In The Great Recession Conspiracy, I argued that history (remember what we learn from history?) that when government's debt get too large, they almost invariably inflate the debt away. Now I am getting some company. This is a snippet from The Economist, February 25, 2012 under the title "Repressed Memories". You will find it interesting and important for your own financial planning.
"Even
default by the world’s largest economy is no longer unthinkable. In a
series of papers for the Mercatus Centre at George Mason University in
Washington, DC, Jeffrey Rogers Hummel and Arnold Kling argue that the
American government will eventually default, if only because politicians
will never agree on a serious deficit-cutting programme."

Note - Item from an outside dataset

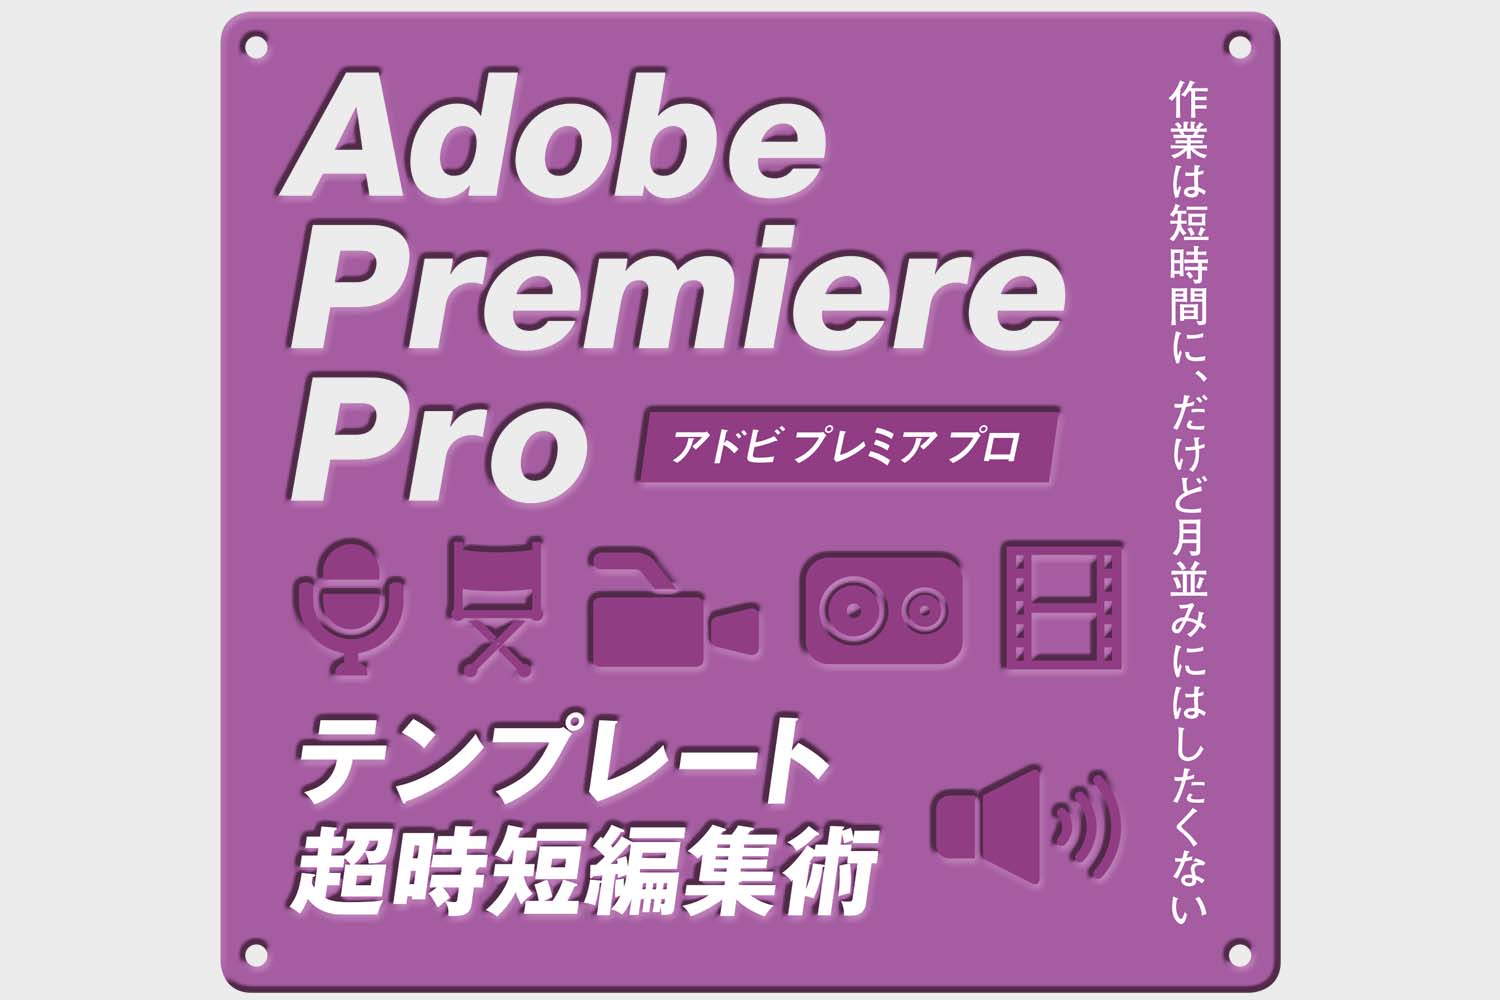 Adobe Premiere Pro テンプレートを使った時短編集について7月号で特集します ビデオsalon

We now borrow four dollars out of every ten dollars we spend. Look at earlier posts for a graph that shows the exact effect that has on our national debt.
Then remember that none of the people who want to be president next term (Obama, Romney, Santorum, Paul) have anything like a creditable plan to reduce that spending rate, let alone reduce the debt.
Obama created the Simpson/Bowles Commission to find a way to do the job and immediately ignored their recommendations. Can you remember any of their ideas?
Now Washington is telling us there is no significant inflation, but they use an odd measure that omits food and gasoline, so don't listen to the happy talk babble that comes from Washington.
If you don't know about them, you can buy Inflation Adjusted Bonds. Vanguard, among others, has a group of them. At the moment, the return is trivial, but the minute the real inflation numbers take off, you should consider rushing to buy as many as you can afford.
I lived through the last great bout of inflation and I am here to tell you, It Ain't Pretty!!